Construction of a phylogenetic tree

Usual methods of phylogenetic inference involve computational approaches implementing the optimality criteria and methods of parsimony, maximum likelihood (ML), and MCMC-based Bayesian inference. All these depend upon an implicit or explicit mathematical model describing the evolution of characters observed.

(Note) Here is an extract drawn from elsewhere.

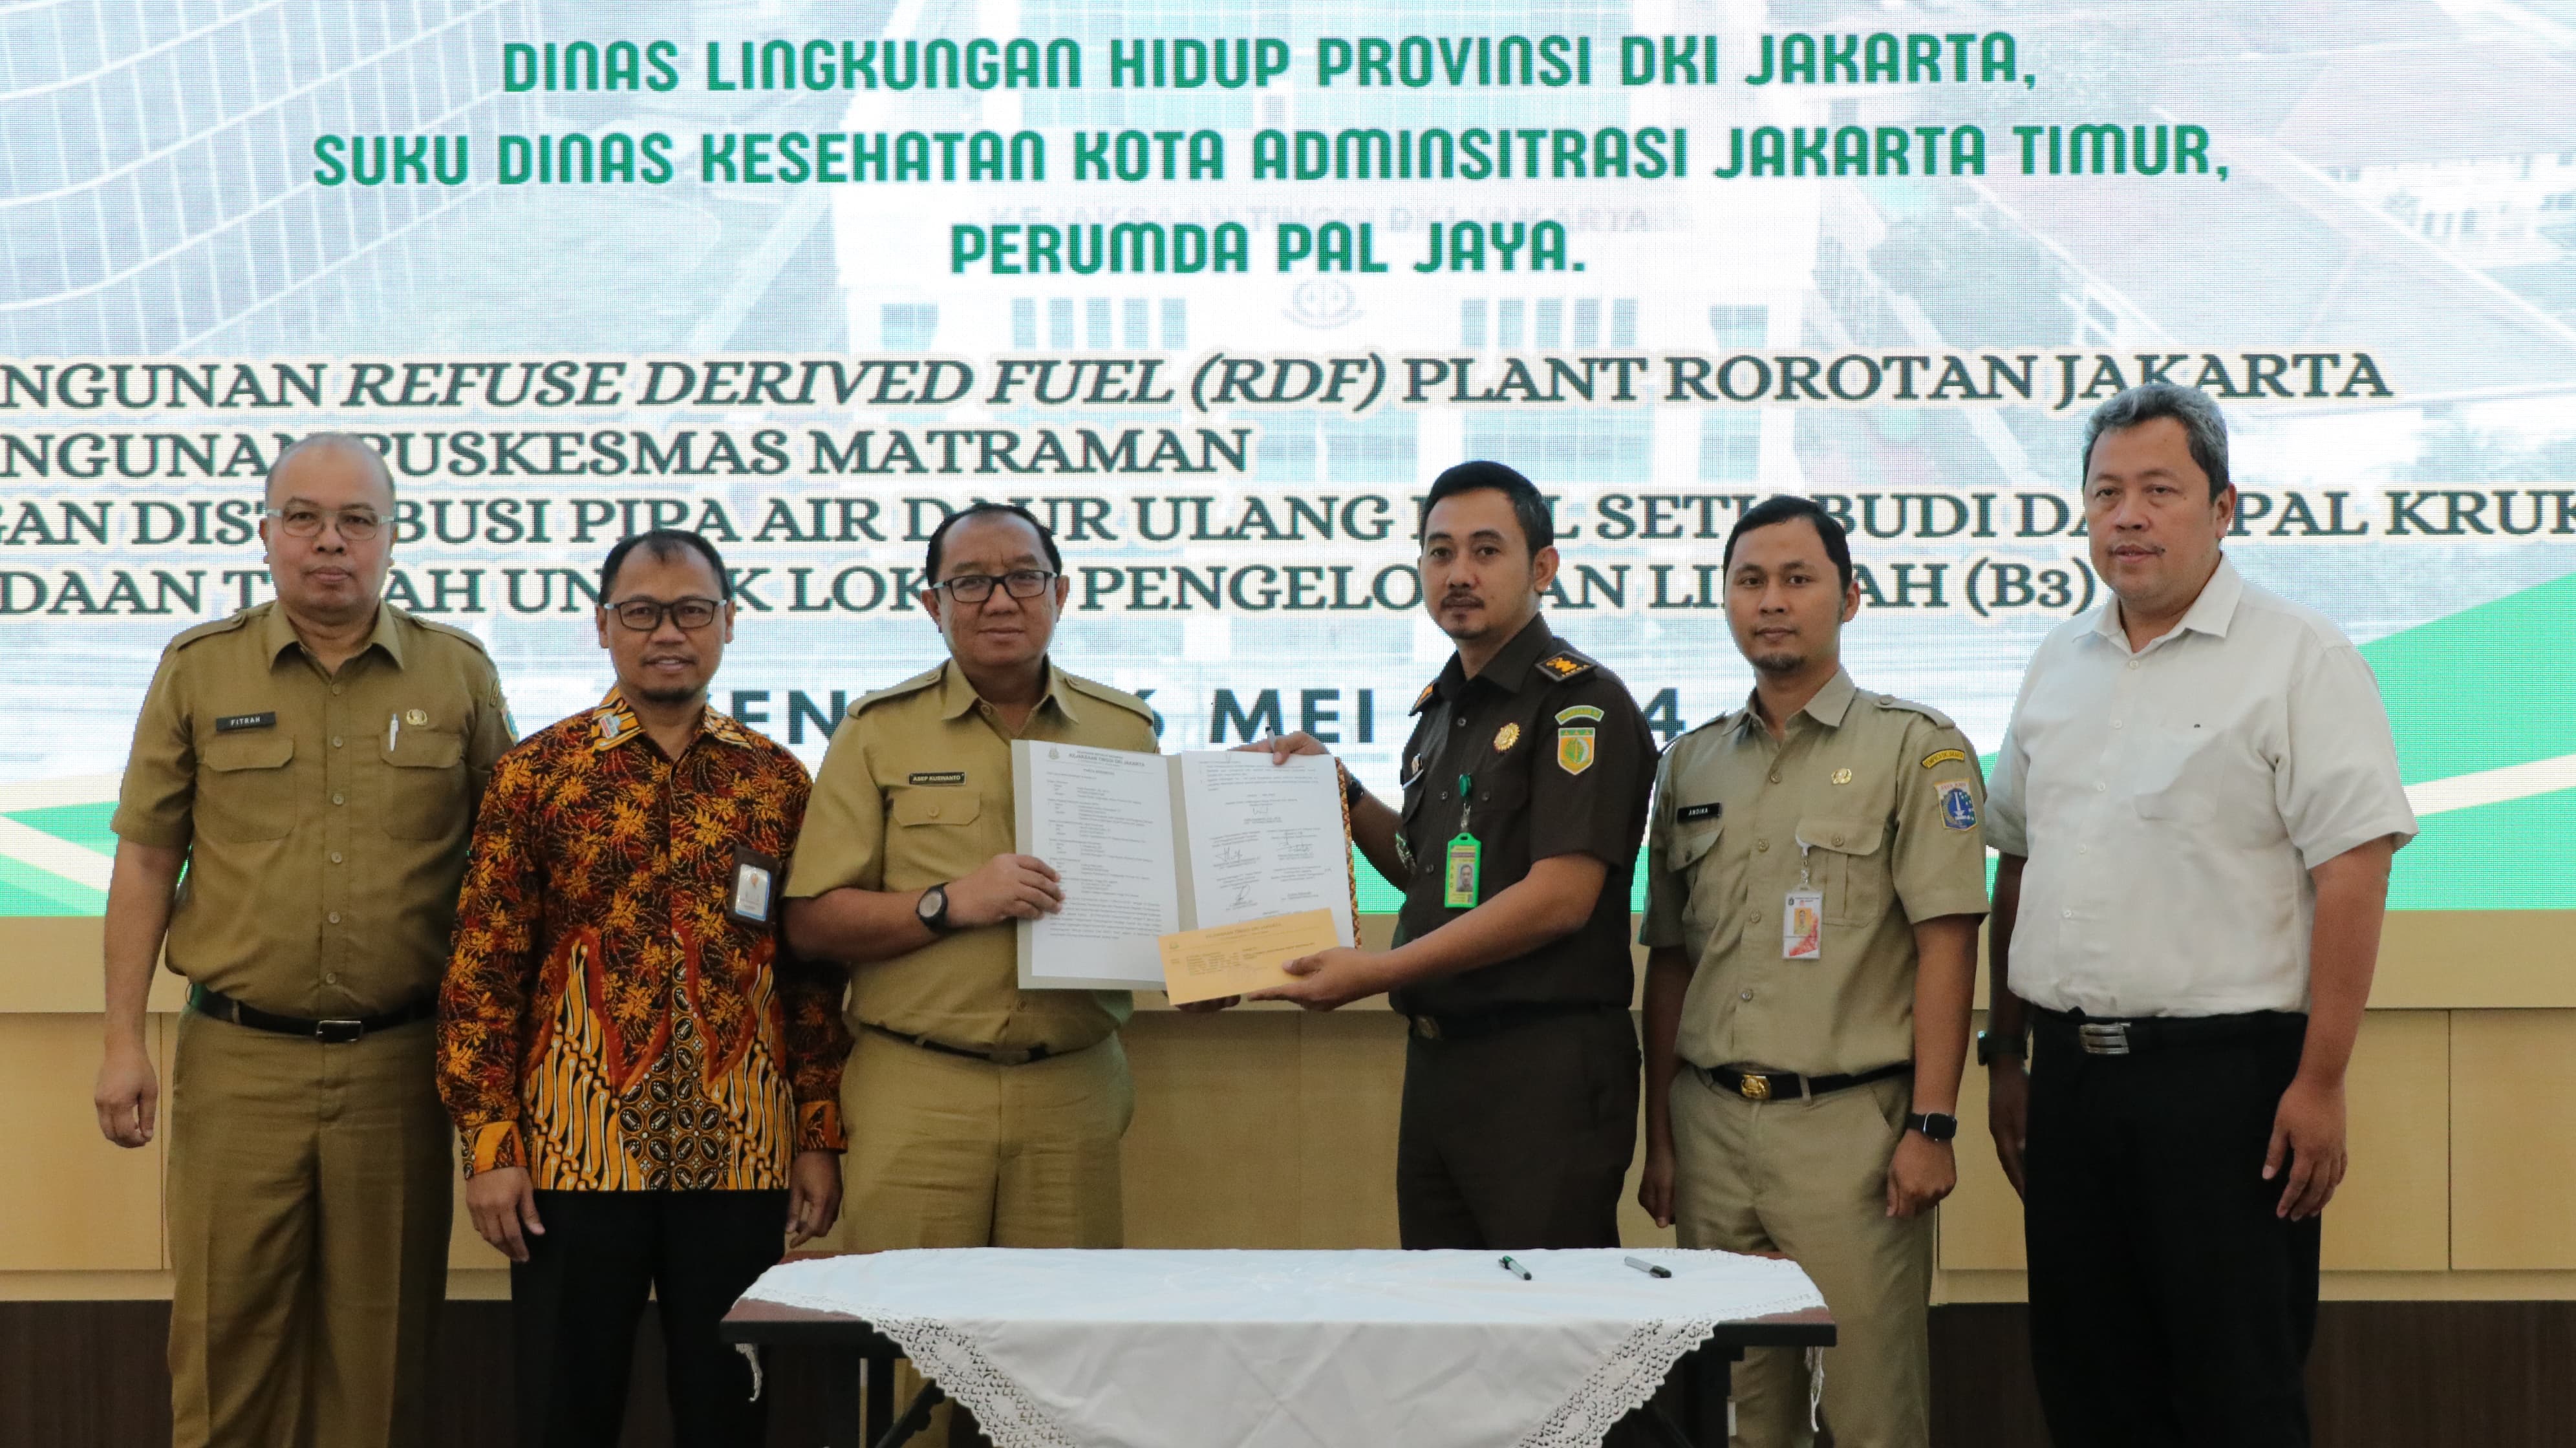 Kejati DKI Jakarta melaksanakan Entry Meeting (Rapat Pendahuluan) dan Penandatanganan Pakta Integritas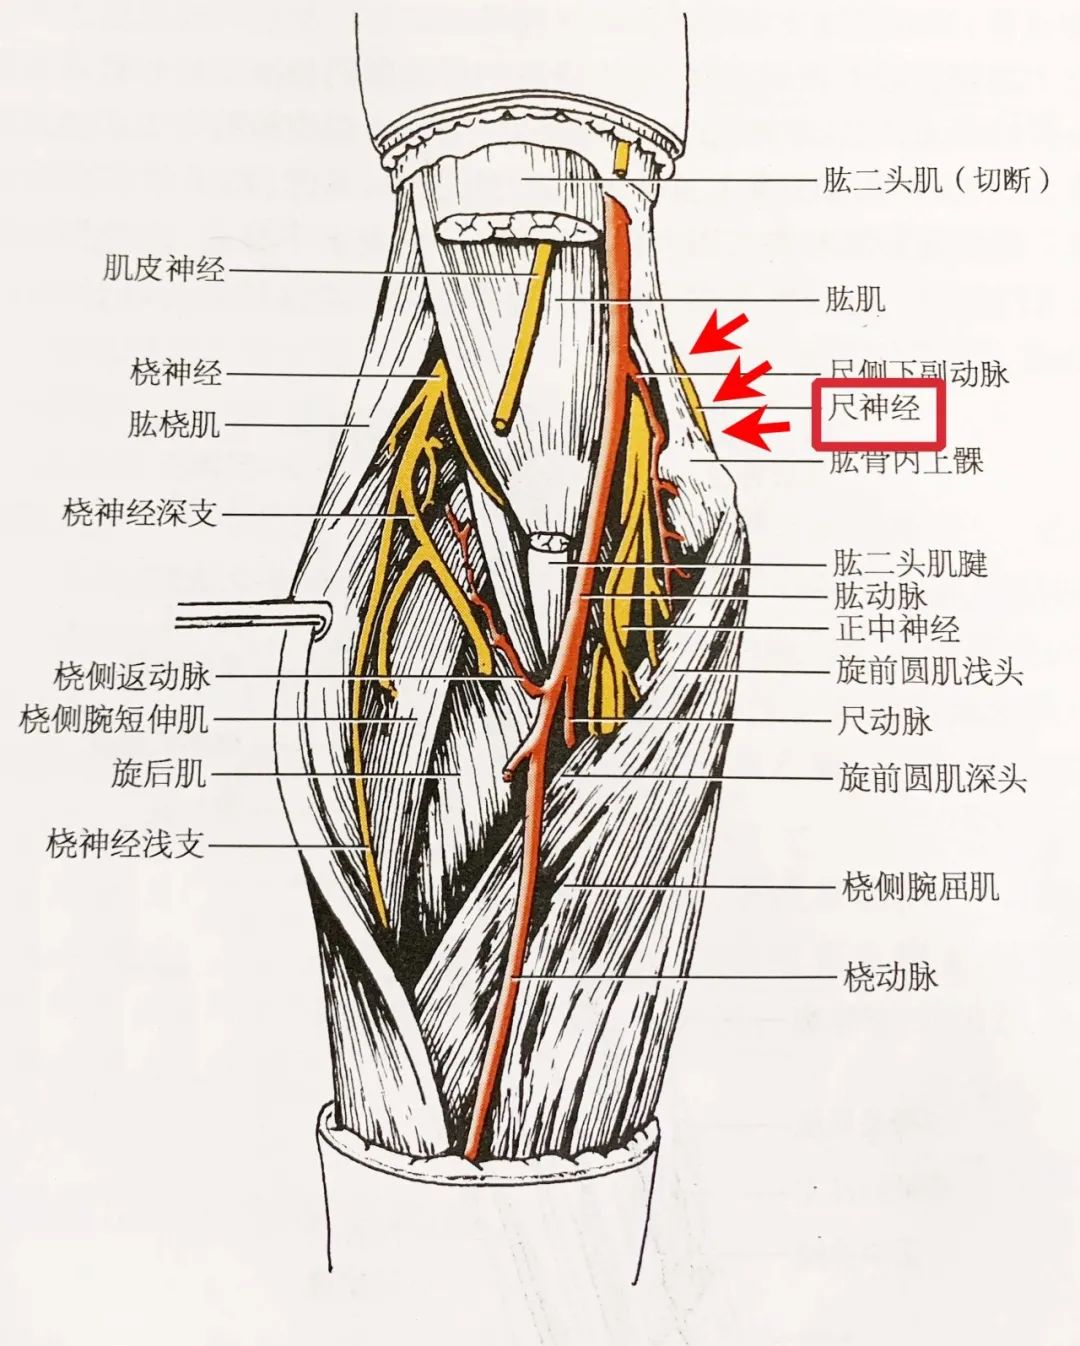 红色箭头示尺神经在尺神经沟及前臂的解剖走形肘管综合征是指尺神

Phenetics, popular in the mid-20th century but now largely obsolete, used distance matrix-based methods to construct trees based on overall similarity in morphology or similar observable traits (i.e. in the phenotype or the overall similarity of DNA, not the DNA sequence), which was often assumed to approximate phylogenetic relationships.

Prior to 1950, phylogenetic inferences were generally presented as narrative scenarios. Such methods are often ambiguous and lack explicit criteria for evaluating alternative hypotheses.

History

The term "phylogeny" derives from the German Phylogenie, introduced by Haeckel in 1866, and the Darwinian approach to classification became known as the "phyletic" approach.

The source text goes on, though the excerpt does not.